Here it is with the sliding fence mounted and another pic with a workpiece clamped onto the slider. When you rout it you should hold the lower portion of the workpiece with medium hand pressure pressing it toward the fence without getting your hands anywhere near the bit.
Some slider details: The 2nd shot is the back of the slider.
Here are two pics of a routed lock miter joint. Keep in mind that this is construction quality Fir. Note the tear out on the trailing edge. This is normal with LM bits, but a thin Ply backer between the slider fence an the workpiece might reduce that. I haven’t tried it yet. Unless it is plywood you should route lock miter joints in one go to prevent chipping.

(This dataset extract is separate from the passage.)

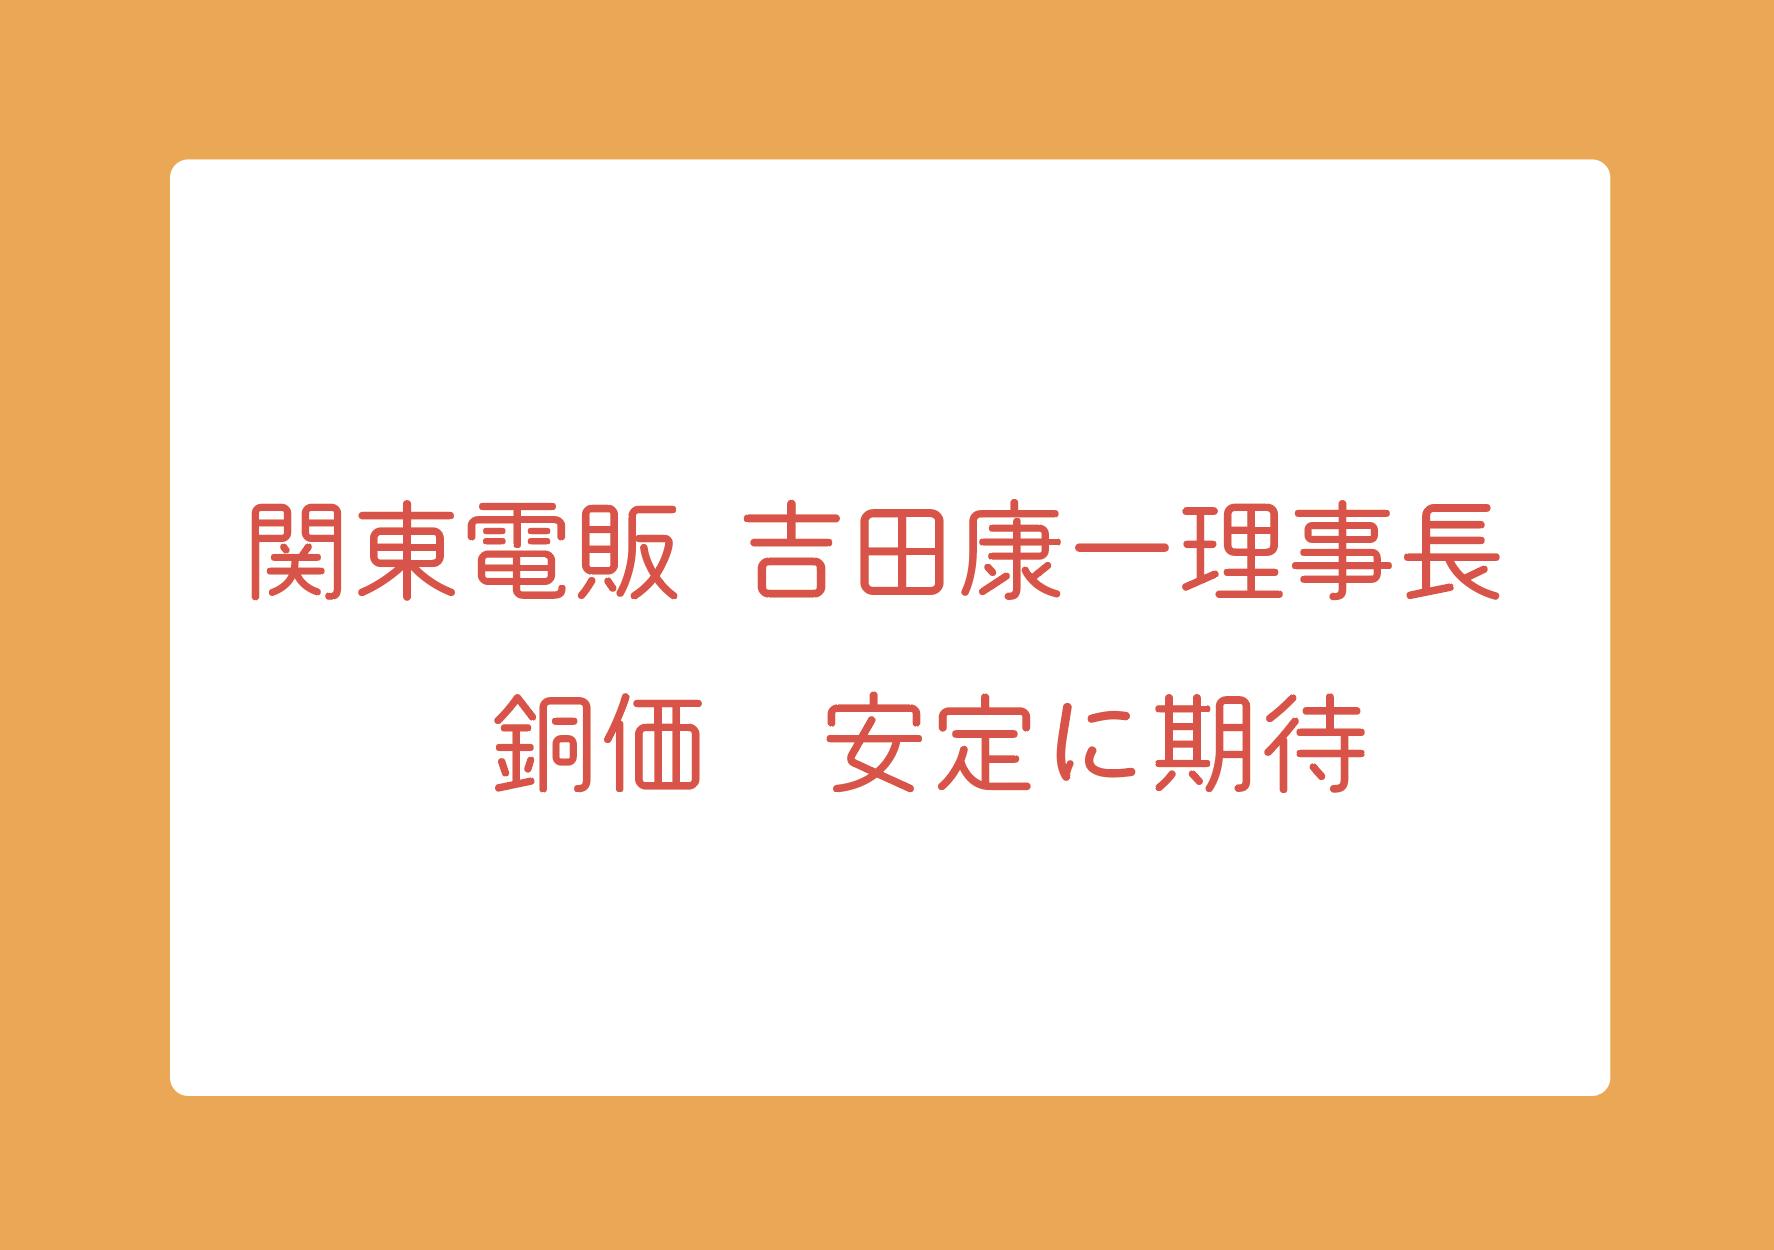 関東電販 吉田康一理事長 銅価  安定に期待の画像
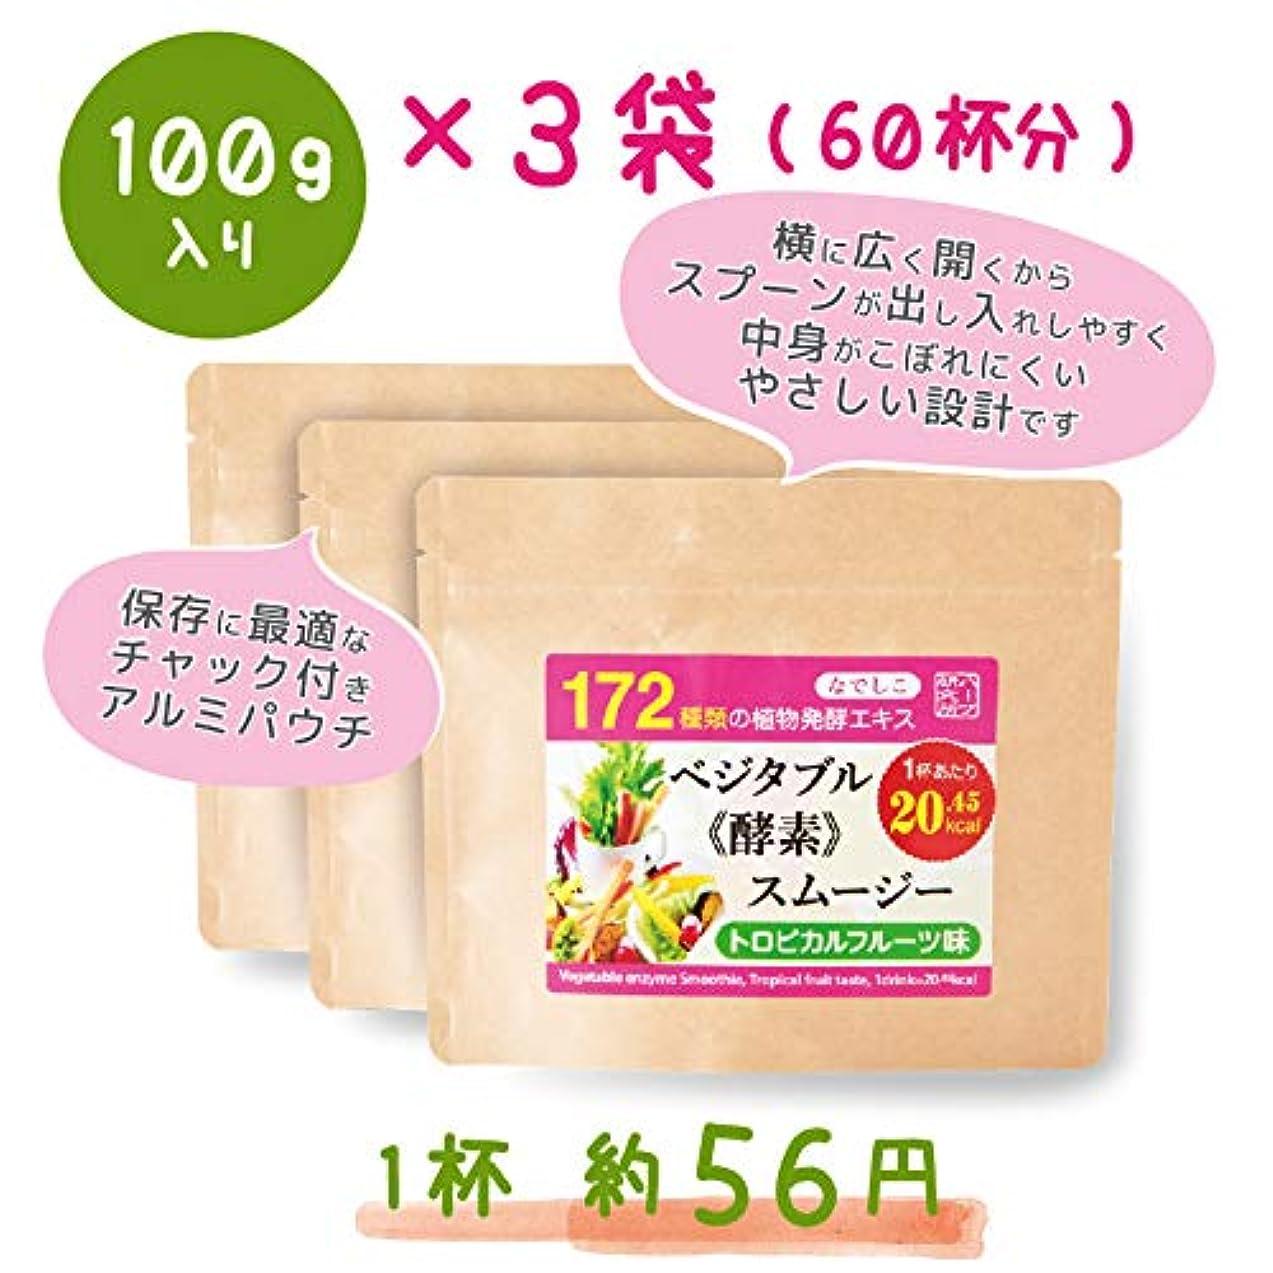 明示的に幾分八百屋さんグリーン酵素ダイエットスムージー(ストロベリー味)300g (100g×3パック)で20%OFF

More good news! you can also use this set-up to rout tenons. The faces are routed with the workpiece clamped in the jig as in the first photo.
I routed the edges by clamping one of the other tenon workpieces in the slider and then holding the current workpiece edge against the fence and it’s face against the edge of the one in the clamp. It was routed like this being hand held.
The tenon routing finished
The routed morise
Here the tenon edges have been rounded to match the routed mortise.
and finally a dry fit. What do you know? It came out perfect!
I hope you find something interesting here and get some use from it. Thanks for viewing.
So Fire up that router and get out in the shop and make some sawdust!